The influence of mass transfer characteristics and porous media heterogeneity on nonaqueous phase dissolution

A two-dimensional multiphase flow and species transport model was developed and applied to the case of nonaqueous phase liquid (NAPL) emplacement and dissolution in both homogeneous and heterogeneous porous media systems. Simulations were performed to observe dissolution rate variations and the degree of NAPL-aqueous phase nonequilibrium as a function of two aqueous phase velocities and five forms of the NAPL-aqueous phase mass transfer formulation. An integrated form of the Damkohler number was introduced to analyze the degree of NAPL-aqueous phase nonequilibrium. Mass removal rates for homogeneous media were insensitive to the form of the NAPL-aqueous phase mass transfer formulation, yielding results similar to a local equilibrium approach for all but one mass transfer formulation. This latter formulation was most sensitive to NAPL saturation and yielded significant nonequilibrium behavior, which was manifested as a decrease in NAPL dissolution rates as the NAPL volume fraction decreased.
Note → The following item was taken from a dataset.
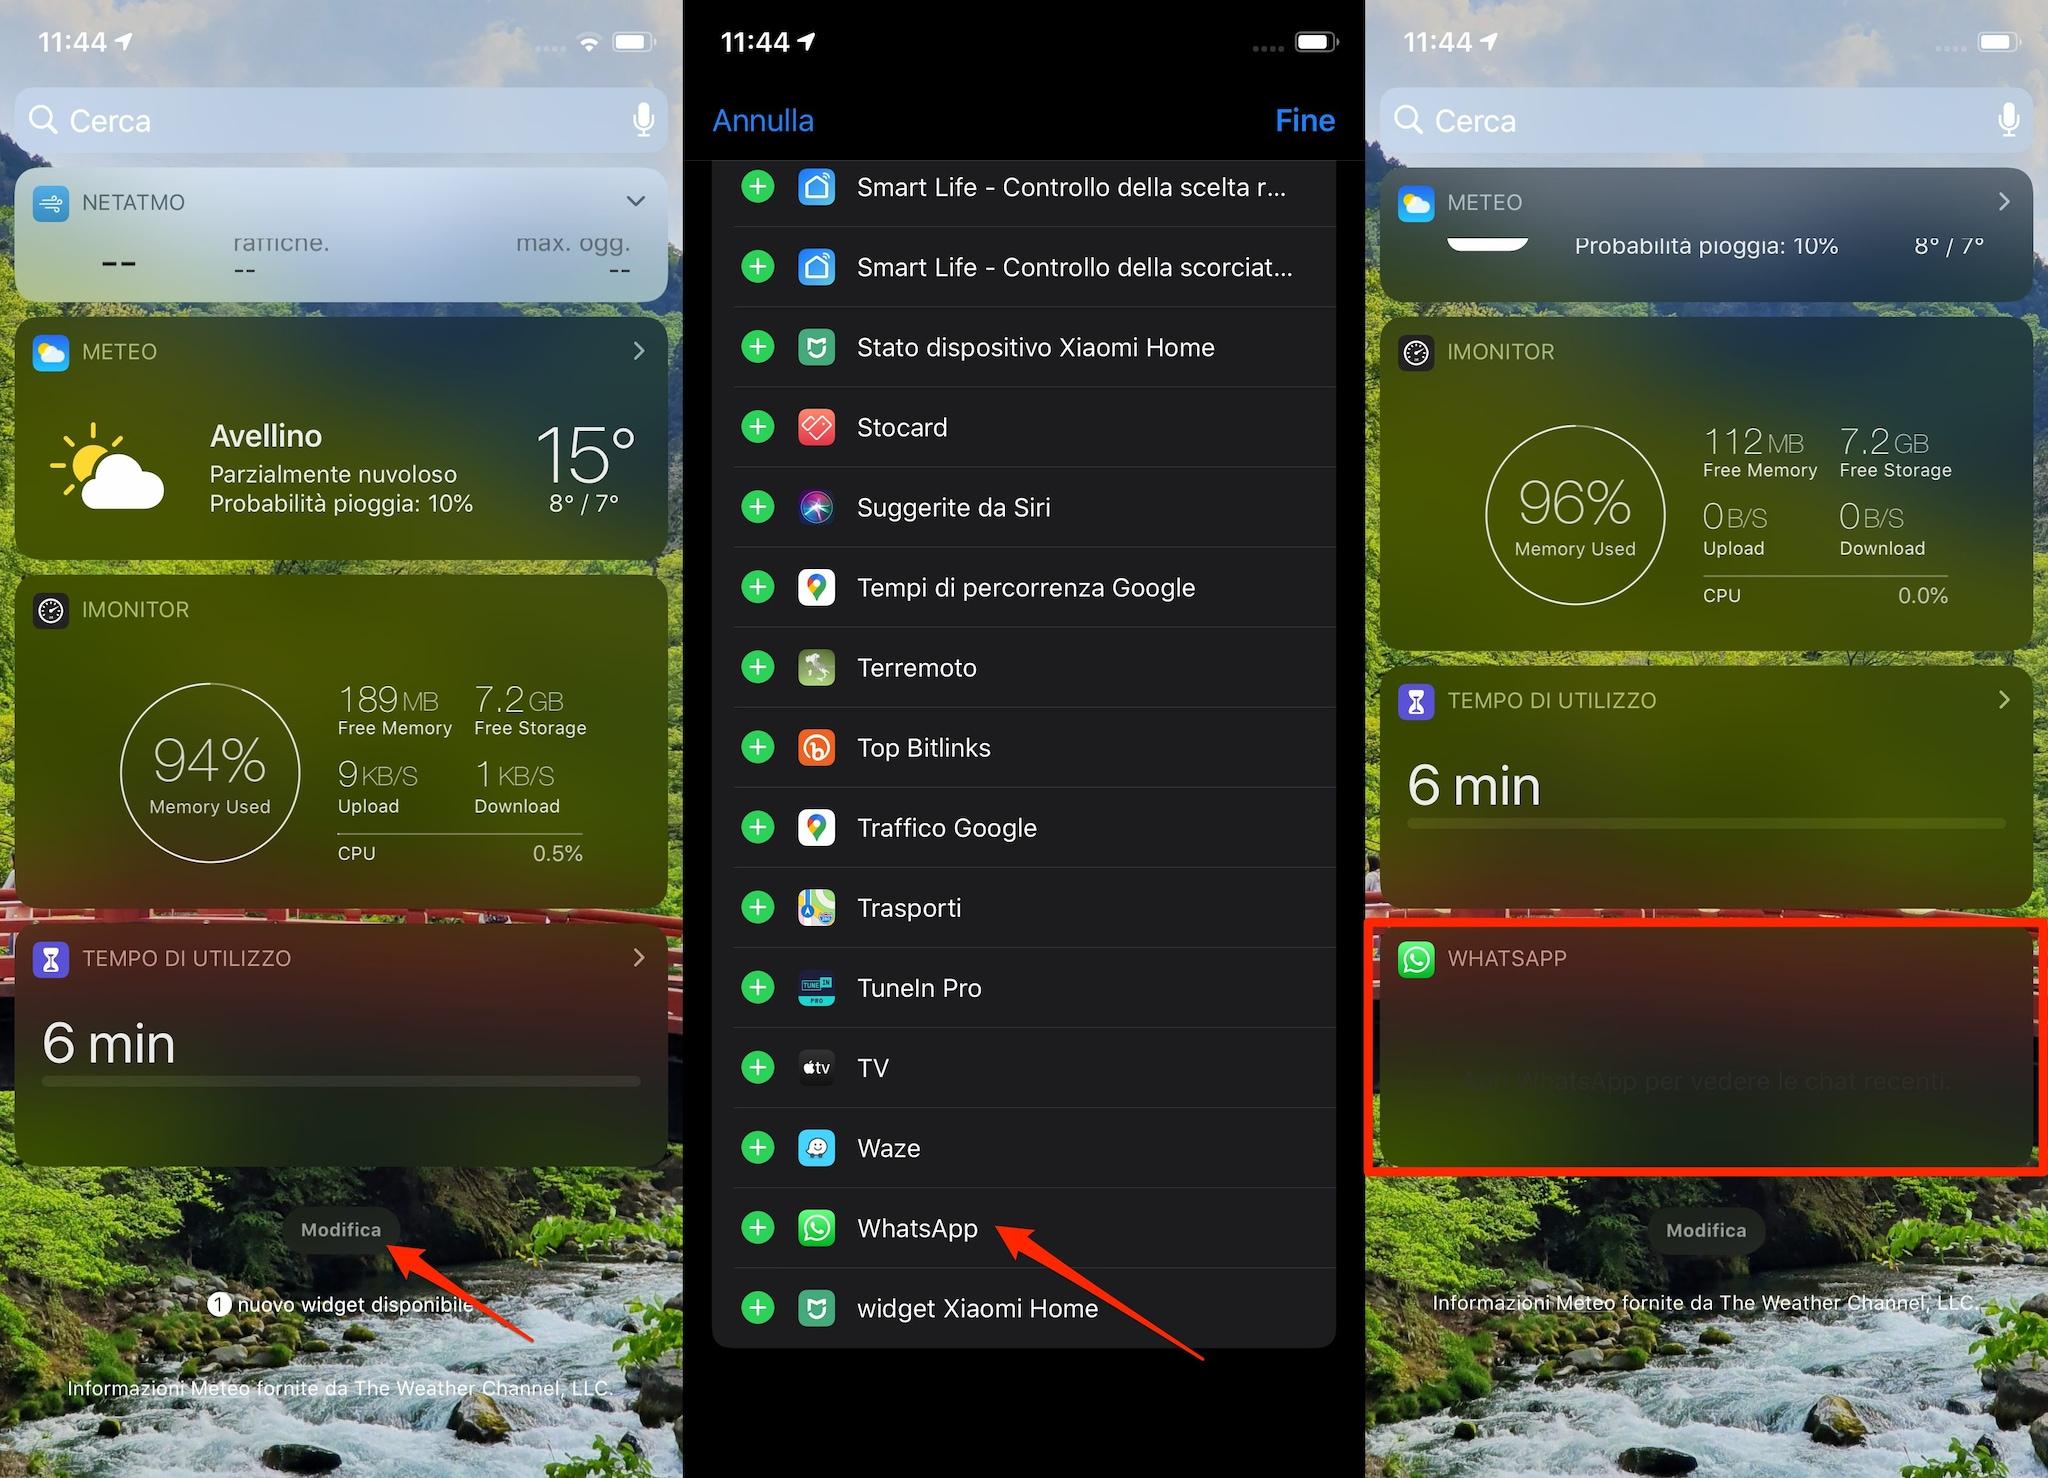 trucco WhatsApp messaggi veloci velocemente collegamenti widget iphone android

Variations in mass elution rates between homogeneous and heterogeneous media were observed, with more significant variations found for variances in porous media properties than for horizontal correlation lengths. In heterogeneous media, decreases in dissolution rates were attributed to the existence of relatively immobile regions of NAPL with saturations greater than the residual saturation of the media, so-called NAPL pools. These results illustrate the importance of the statistical characteristics of heterogeneous porous media on NAPL distribution and dissolution processes.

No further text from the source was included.